Item 407(i) does not affect other SEC disclosure requirements that could be triggered when equity securities (other than those of foreign private issuers) are hedged. For example, under section 16(a) of Exchange Act, officers and directors are required to report on Form 4 hedging transactions involving one or more derivative securities within two business days of entering into such transaction. Some hedging transactions, such as prepaid variable forward contracts, may involve pledges of the underlying company equity securities as collateral. Item 403(b) of Regulation S-K requires registrants to disclose the amount of equity securities beneficially owned by directors, director nominees and named executive officers, and also requires disclosure of the amount of shares that are pledged as security in such transactions.

Item 402(b) of Regulation S-K requires domestic registrants to provide a compensation discussion and analysis (CD&A)3 that discloses material information necessary to understand their compensation policies and decisions regarding the “named executive officers,”4 including, if material, a description of the registrants’ equity or other security ownership requirements or guidelines and any policies regarding hedging the economic risk of such ownership. Although CD&A disclosure addresses only hedging by the named executive officers, some registrants – in providing their CD&A disclosure – describe the policies that address hedging by all employees and directors, not just the named executive officers. To avoid duplicative disclosure for those registrants that are also subject to Item 402(b), the SEC amended Item 402(b) to permit registrants to satisfy their Item 402(b) disclosure obligations on material hedging policies by cross-referencing to the information disclosed under new Item 407(i) (to the extent that the information disclosed satisfies the 402(b) disclosure requirement).

Compliance Dates

Registrants that do not qualify as smaller reporting companies or emerging growth companies5 must comply with Item 407(i) for proxy and information statements with respect to the election of directors during fiscal years beginning on or after July 1, 2019. Smaller reporting companies and emerging growth companies must comply with Item 407(i) for proxy and information statements with respect to the election of directors during fiscal years beginning on or after July 1, 2020.6

1 The SEC offered the following examples of non-written policies or practices that a company may have: (i) a practice of reviewing, and perhaps restricting, hedging transactions as part of its program for reviewing employee trading in company securities; or (ii) a practice of including anti-hedging provisions in employment agreements or equity award documentation.

2 The term “registrant equity securities” for which disclosure is required covers equity securities issued by the registrant or by any parent or subsidiary of the registrant or by any subsidiary of any parent of the registrant.

3 CD&A does not apply to smaller reporting companies, emerging growth companies, registered investment companies or foreign private issuers.

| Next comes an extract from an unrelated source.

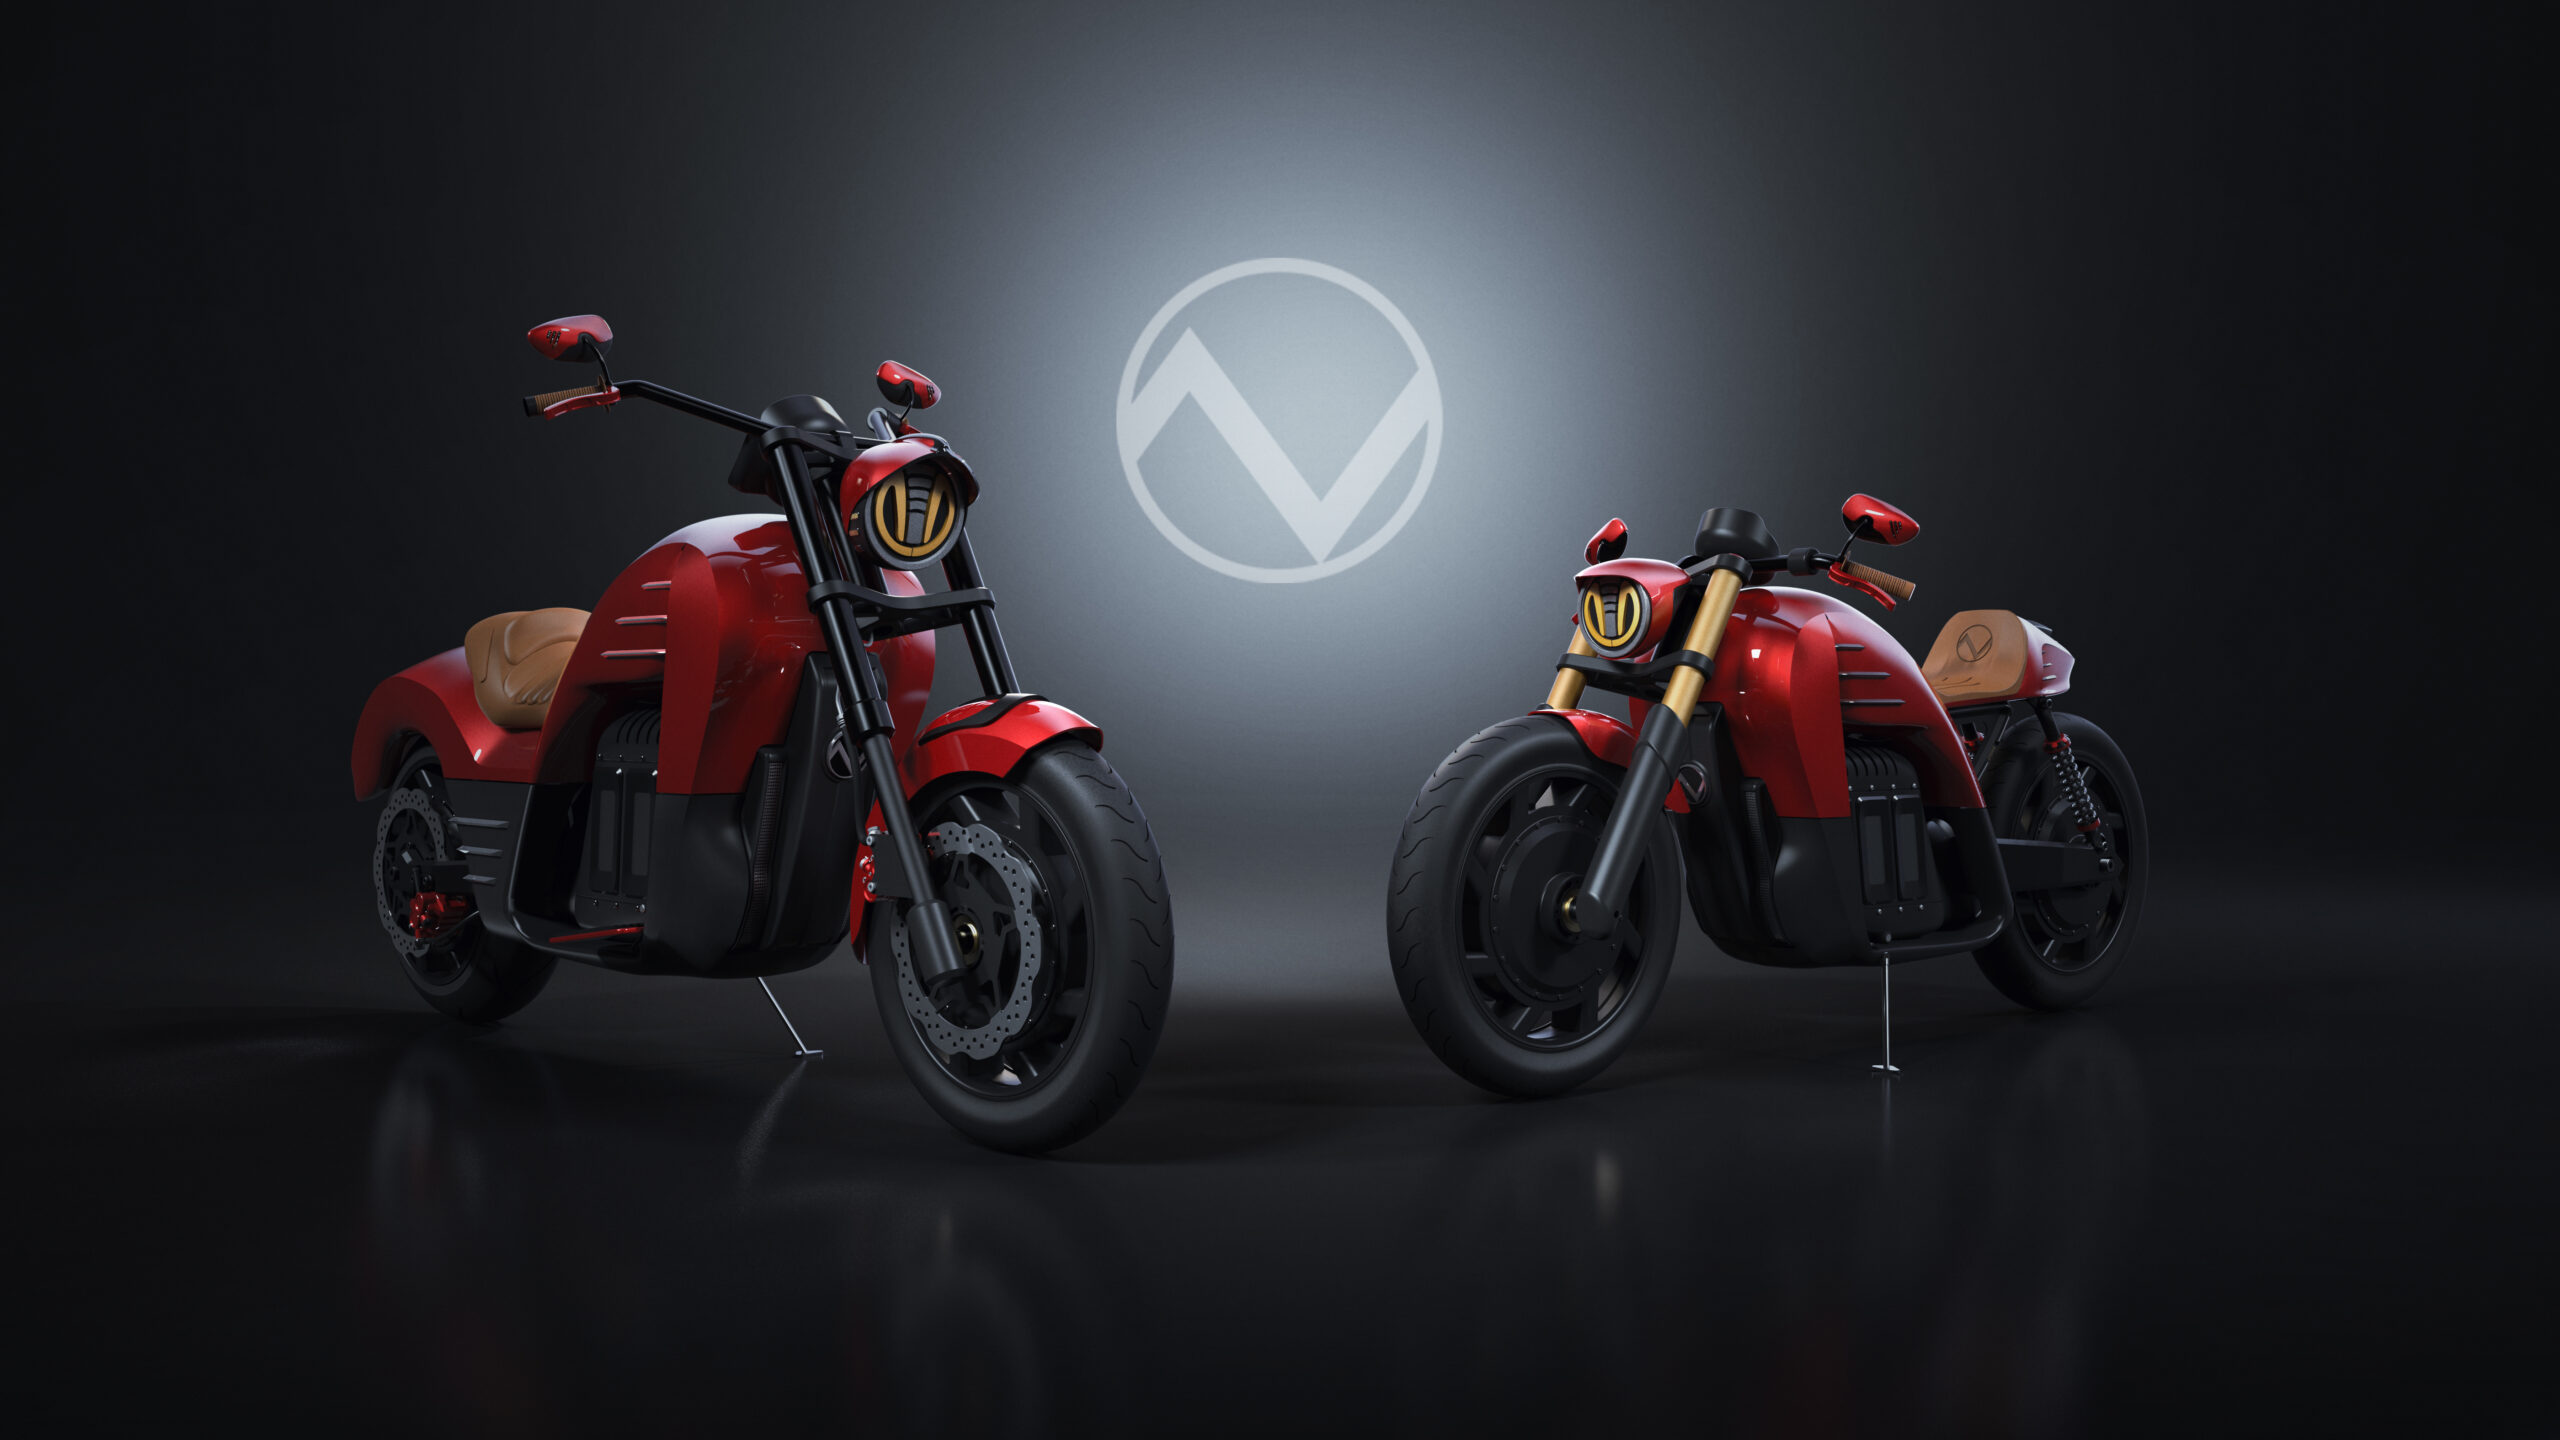 Anthony Cross’ Love of Sustainable Innovation Gives a Fresh New Look at Electric Motorcycles

4 Under SEC rules, “named executive officers” are all individuals serving as the company’s principal executive officer during the last completed fiscal year; all individuals serving as the company’s principal financial officer during that fiscal year; the company’s three other most highly compensated executive officers who were serving as executive officers at the end of that year; and up to two additional individuals who would have been among the three most highly compensated but for not serving as executive officers at the end of that year.

5 As defined in Rule 12b-2 under the Exchange Act.

6 The one-year delay in implementation was intended to allow these smaller companies to observe how larger and more established companies implement Item 407(i), and give these smaller companies adequate time to implement the new disclosure requirements.